The
most complex life forms ever developed entirely in Petri dishes can
pump blood through tiny beating hearts, gradually growing nerves and
muscles in a laboratory.
These little collections of mammalian cells form rudimentary mouse embryos, built from scratch out of stem cells - cells that have the potential to develop into any other cell type in the body.
While scientists have successfully been creating synthetic organs called organoids for a while now, these lack the full variety of cell types found in the
real deal. This human-built mouse embryoid is a whole lot more
intricate.
"Watching an embryo develop is a marvelous thing to behold," said developmental biologist Christine Thisse from the University of Virginia, one of the authors of the study.
"What
is amazing is that we can get the variety of tissues that are present
in an authentic mouse embryo. [This] model shows that we are able to
induce cells to execute complex developmental programs in the right
succession of steps."
The
embryoid isn't a complete unborn mouse, and it can't fully develop into
one as key parts are still missing - like a giant chunk of the brain.
But the complexity of this experiment takes researchers a huge step
towards being able to build fully functional organs in a lab.
"Human organs are made of multiple cell types that originate from different parts of the growing embryo," said developmental
biologist Bernard Thisse. "The gut, for example, is made from cells
that form a hollow tube. Models of this tube in a dish have been made
and are called gut organoids.
"However,
this tube is not enough to make a functional gut because this organ
contains other components, such as smooth muscles, blood vessels and
nerves that control the function of the gut and which are made from
cells of different origins.
"The
only way to have all the variety of cells necessary to the formation of
functional organs is to develop systems in which all precursor cells
are present. The embryo-like entities we have engineered using stem
cells are providing just this."
Developing
these fully functioning biological systems requires getting a slew of
things just right - such as the correct cell type, spatial location, and
timing of cell signals to get the desired outcome. Synthetically
recreating these complex processes is only possible thanks to
generations of research in developmental biology, including this team's previous research on zebrafish.
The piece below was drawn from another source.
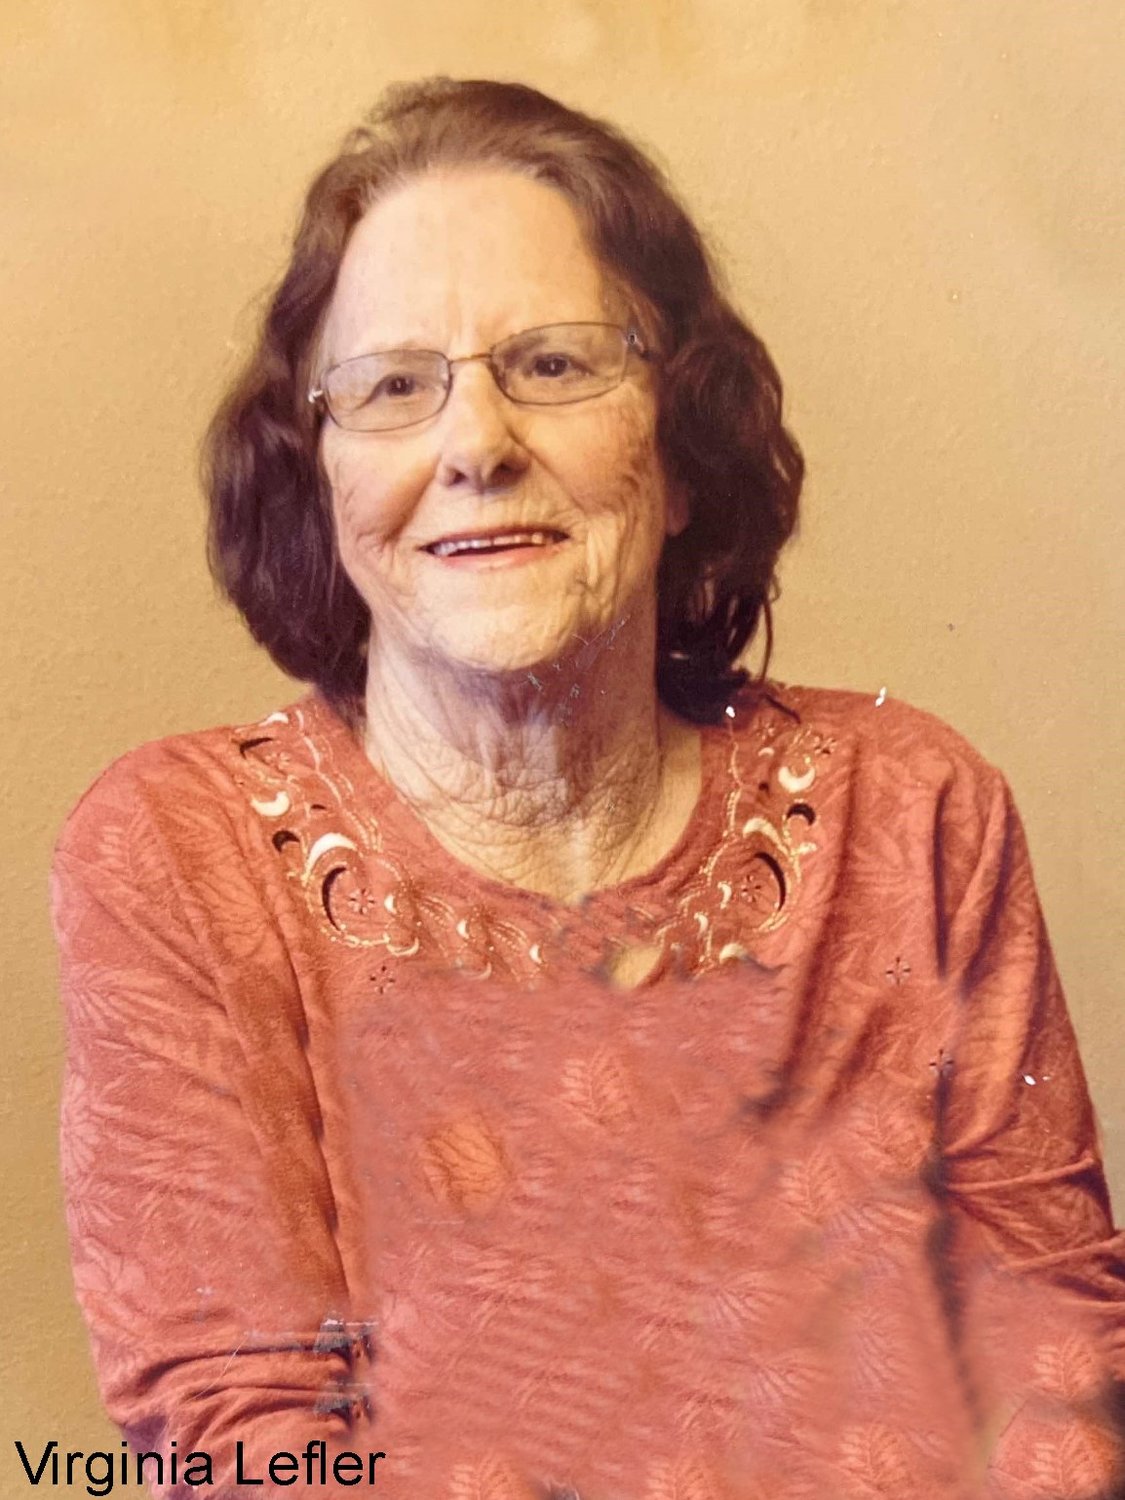 Virginia “Ginger” Arrowood Lefler, 86, of Montrose, IA died Wednesday, August 17, 2022 at her home.

Many previous attempts have been built upon. These were missing things like entire types of tissues, didn't form a head structure, failed to organize tissues correctly, or develop to the embryonic stage called gastrulation.
Many
of these issues involved the need to spatially confine the
developmental chemical signals within the forming embryoid. Thisse and
colleagues developed a way to do this in their zebrafish experiments -
creating centers for the signalling chemicals that provide the cell
clusters with a sense of direction - back and front, head and tail.
They could then control the timing, size, and strength of these signals.
Their
work has now culminated in these miraculously functioning mouse
embryos, with all the normal early embryonic tissue layers. The
correctly organized cells and tissues are arranged properly around the
embryoid spinal cord precursor (the notochord), including developing
digestive, muscular, nervous and circulatory systems and a beating
heart.
However,
the embryoid is still missing parts of the brain, and the team suspects
this may be because the chemical signal telling the cells they're at
the butt end (called a WNT morphogen) spread too far.
"With
the techniques we have developed, we should be able, at some point, to
manipulate molecular signals that control embryo formation, and this
should lead to generating embryo-like entities containing all tissues
and organs including the anterior brain," said Bernard Thisse.
The
researchers hope to learn how to fully control and manipulate the
embryoid development, and think it may become a powerful tool for
studying diseases.
"Having
all the variety of tissues made allows us to hope that the scientific
community will be able to build organs with a proper vascularization,
innervation and interactions with other tissues," Christine Thisse said.
"This
is essential to be able one day to produce functional human replacement
organs in a dish. This would overcome the shortage of organs for
transplants."
Their research was published in Nature Communications.